▶ _Work instruction_
The data below should be copied out exactly, with its pictures omitted.

▶ _Information provided_
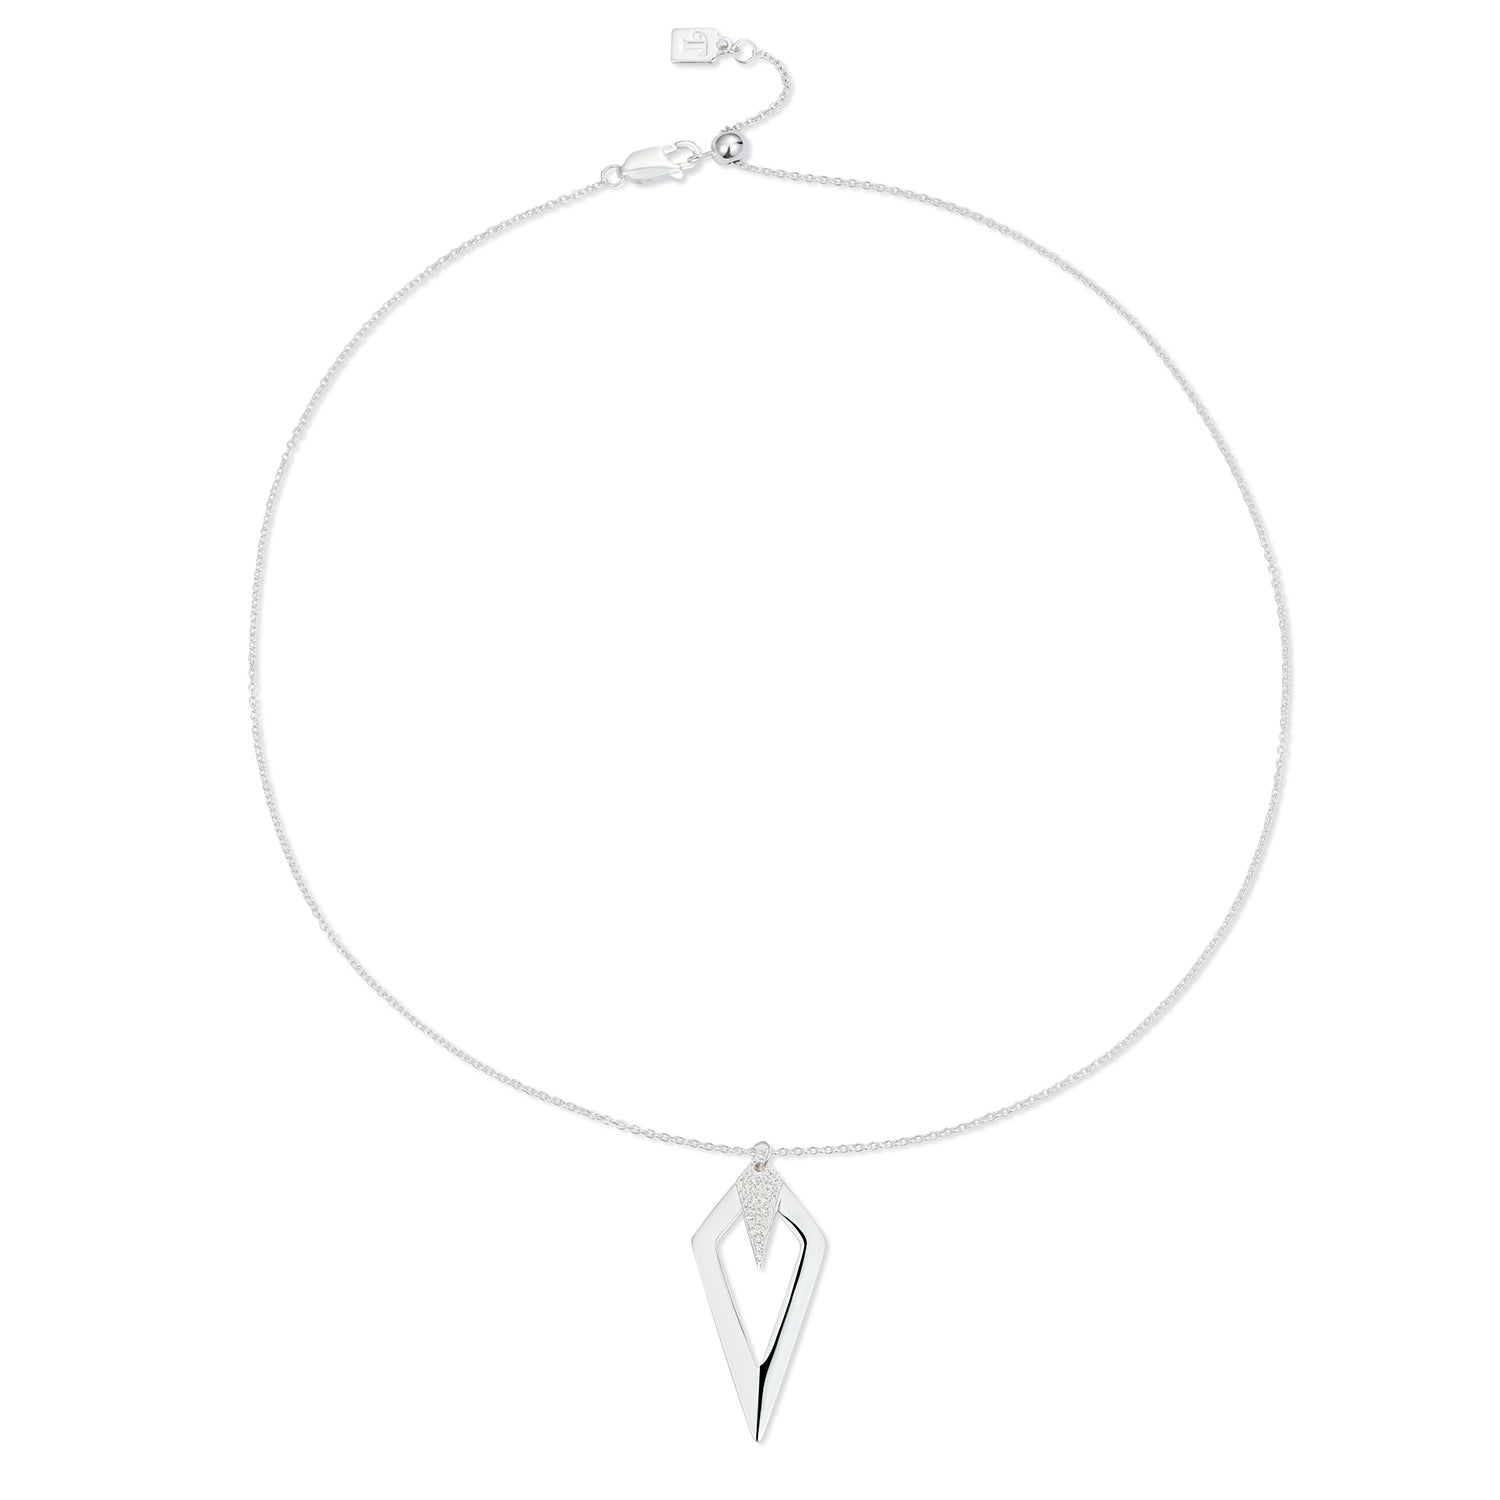 Arrowhead Pendant Necklace - Sterling Silver
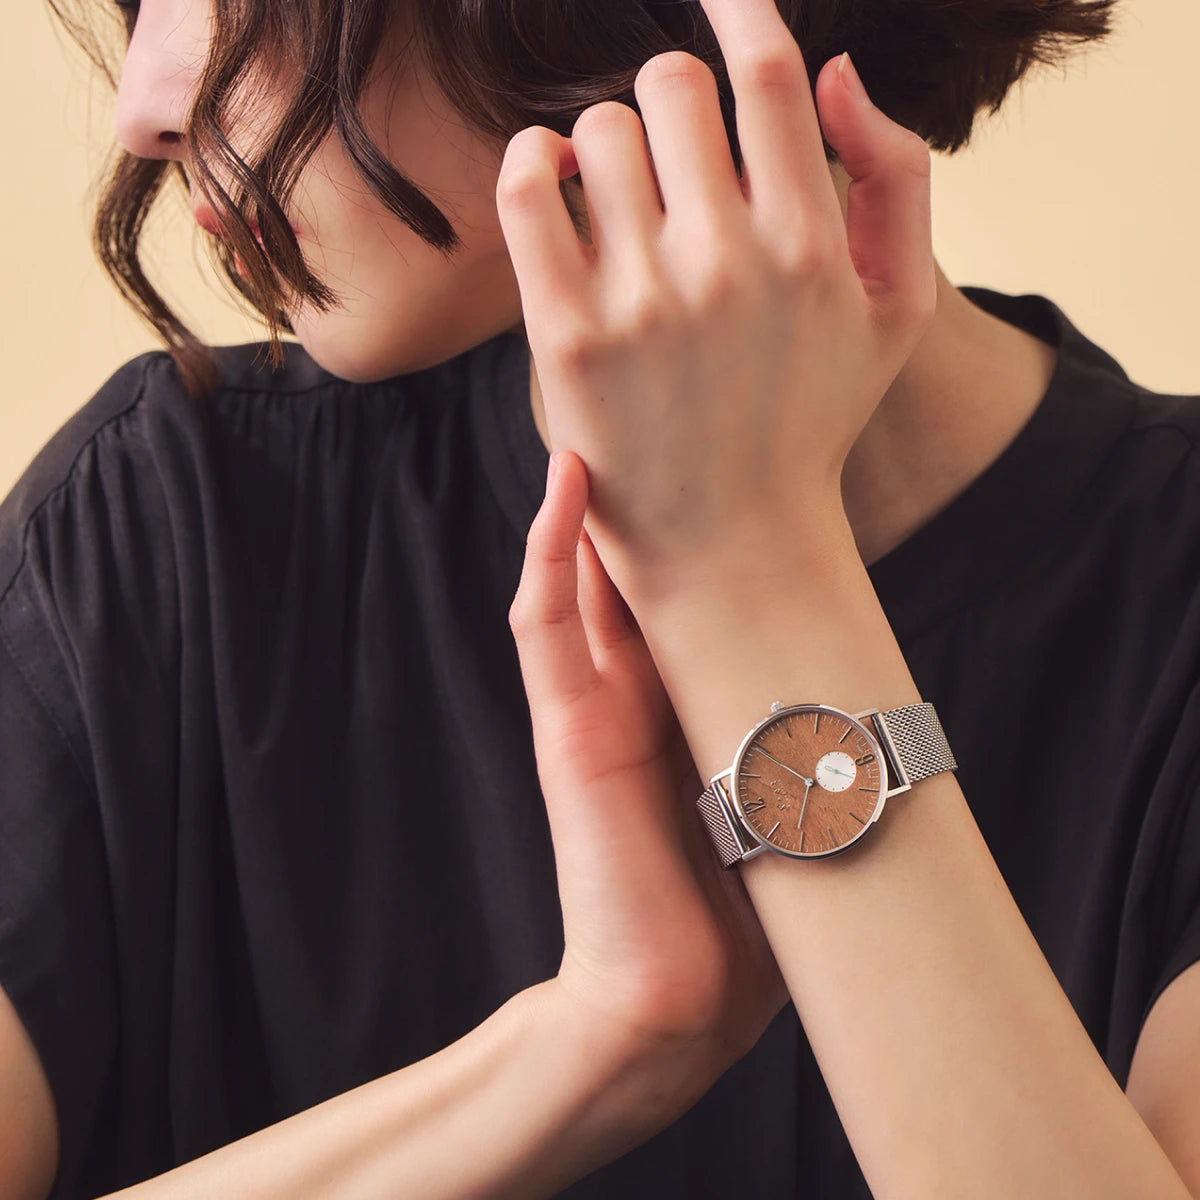 Knot CS-36SVWD-SAKURA 腕時計 メンズ レディース クォーツ ホワイト 日本製 36mm スモールセコンド 木目 木製 –  Maker's Watch Knot
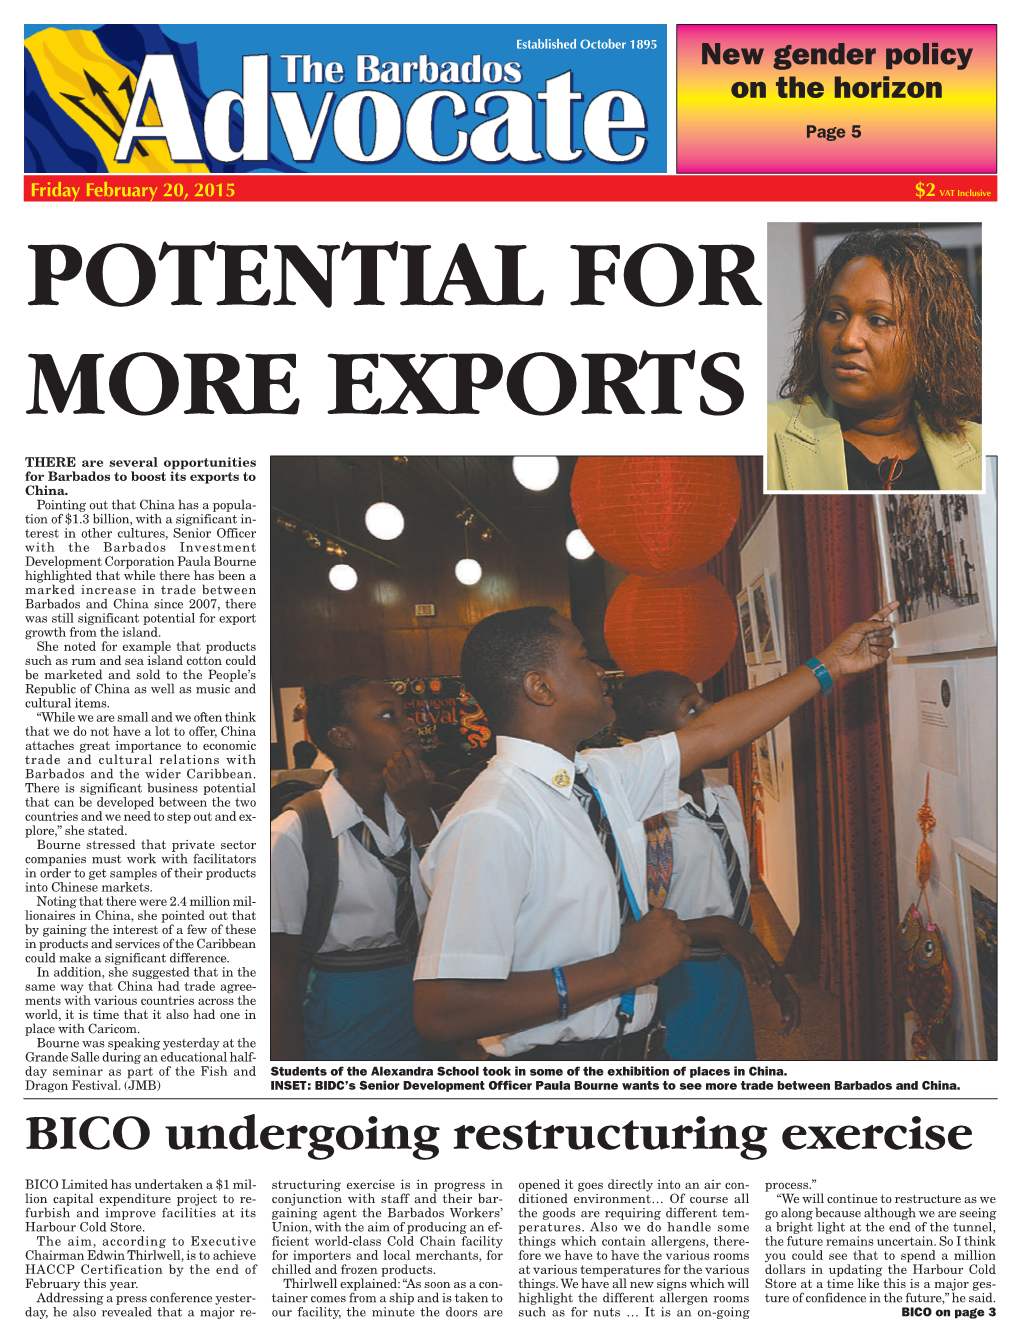 BICO Undergoing Restructuring Exercise

▶ _Task result_
 Arrowhead Pendant Necklace - Sterling Silver
 Knot CS-36SVWD-SAKURA 腕時計 メンズ レディース クォーツ ホワイト 日本製 36mm スモールセコンド 木目 木製 –  Maker's Watch Knot
 BICO Undergoing Restructuring Exercise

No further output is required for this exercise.